Мы поняли: радиовариант «Минуты молчания» готов. Лучшего нам не сделать. И, конечно, передача должна быть единой на радио и на телевидении. Теперь начиналось не менее трудное — сделать вариант телевизионный. Найти единственно верное и точное изображение под молитву. Что должно быть на экране в такой момент? Предстояла тьма не только творческой, но и технической работы. Редактор Светлана Володина, режиссер телевизионного варианта Наталья Левицкая, помощники режиссера не выходили из кинопроекционной. Искали изображение, отбирая документальные кинокадры войны. Решили дать самые сильные, самые трагические кадры, запечатленные фронтовыми кинооператорами. Горы пленок. Снова «в грамм добыча, в тонны руды». Наконец смонтировали семнадцать с половиной минут изображения — именно столько звучал радиоритуал «Минута молчания».

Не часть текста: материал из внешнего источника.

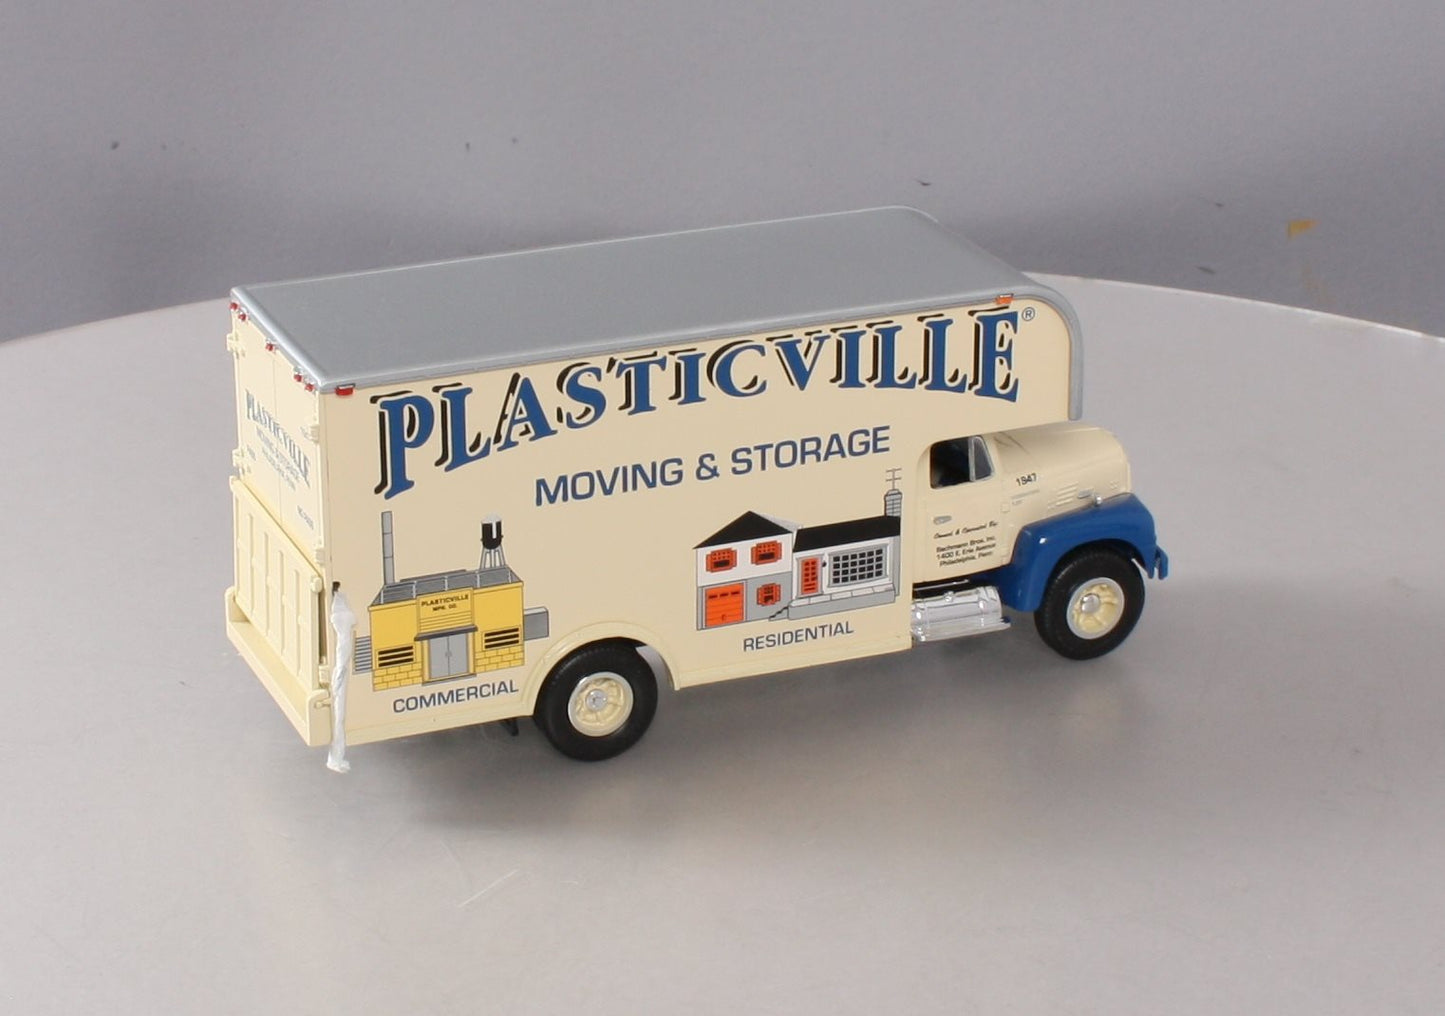 Eastwood Automobilia 19-1671 1:34 Scale Plasticville 1957 International R-200 M LN/Box

Стали соединять пленку и фонограмму. Ничего не получалось. Кинокадры шли отдельно. Молитва отдельно.
Наталье Левицкой пришла в голову идея пригласить актрису, по образу похожую на известный во время войны плакат «Родина-мать зовет». Пригласили актрису, одели во все черное. Она стала читать текст, и это был театр. Время шло, экран был пуст, придумать ничего не удавалось. И вдруг в один из вечеров наших мук, когда Николай Николаевич Месяцев был на телестудии и мы обсуждали очередной вариант, он тихо сказал: «На экране должен быть только огонь, живой бьющийся огонь». Мы ахнули. Предложение было гениальным.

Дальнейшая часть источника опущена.